Image by Adrian from Pixabay, scaled
Schooling is a critical component of a child’s upbringing. Whether it’s a private school, homeschool, or a public school, the purpose of education is to turn a young man or woman into a sharpened and well-educated American. For more than half a century, though, the true purpose of schooling, which is education, has been undermined by a different purpose: therapy. This is something Phyllis Schlafly recognized and stood strongly against.
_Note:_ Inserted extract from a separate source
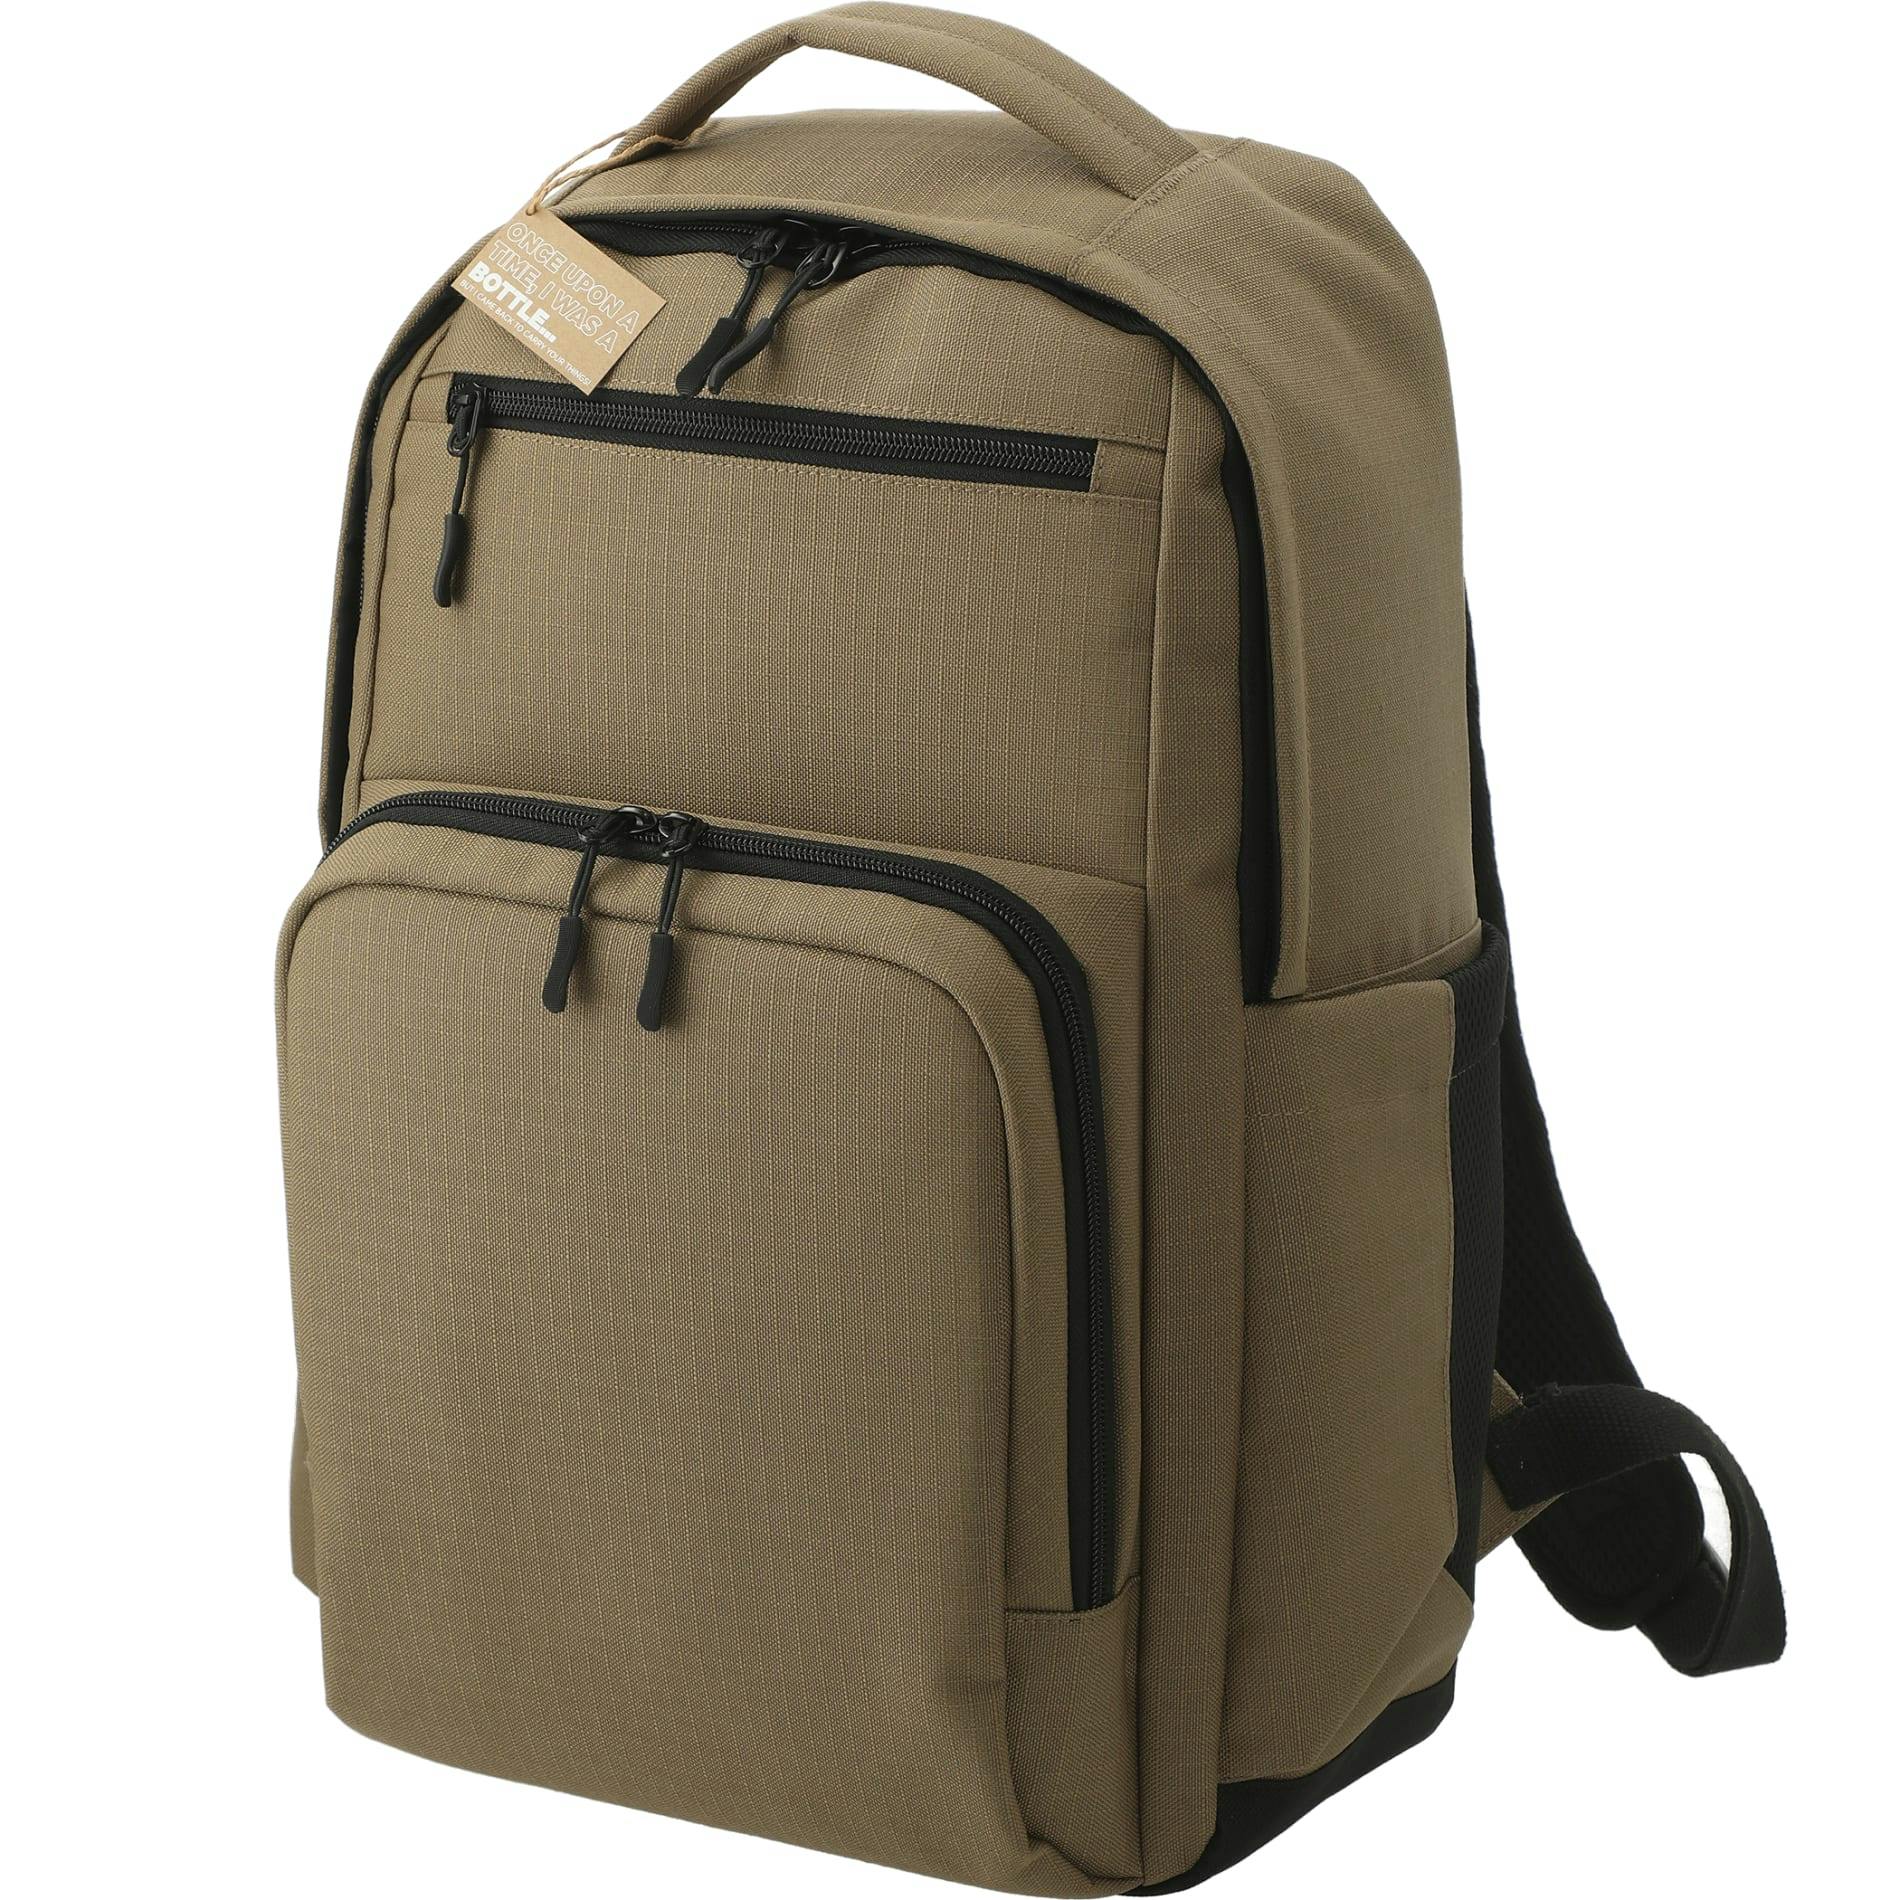 NBN Recycled Utility Insulated Backpack - additional Image 3

In a 1990 speech titled ‘How Therapy Replaced Academics,’ Phyllis explained: “Starting back in the 1970s, there was a shift in the public schools away from the basics, away from subject content, toward a policy of probing the students’ feelings and attitudes and opinions and emotions.”
“The public school classroom,” Phyllis said, “became a place, not for learning, but for treating social problems. This was not done by a counselor on a one-on-one basis of troubled children.” Schooling became a kind of group therapy “of this captive group of minors. Nobody, of course, had consented to this type of therapy — not the students or the parents or the Taxpayers.”
The Federal Government tried to solve this issue in 1978 with the Pupil Protection Act. However, it hasn’t done the trick.
“Because of the opposition of the education establishment of this law, it took six years for the regulations to be promulgated,” Phyllis said. In 1990, when Phyllis gave her speech, the law still had not seen enforcement. “At the same time, the problem that this law addressed has become pervasive. Some professionals even talk openly about what they call the “therapeutic classroom.””
Today, the same issue rears its ugly head in the form of Social and Emotional Learning, also called SEL. This is the same therapeutic classroom style that robs children of the education they deserve, instead replacing it with intrusive therapeutic techniques. It is high time that schooling be restored to its true purpose: educating students.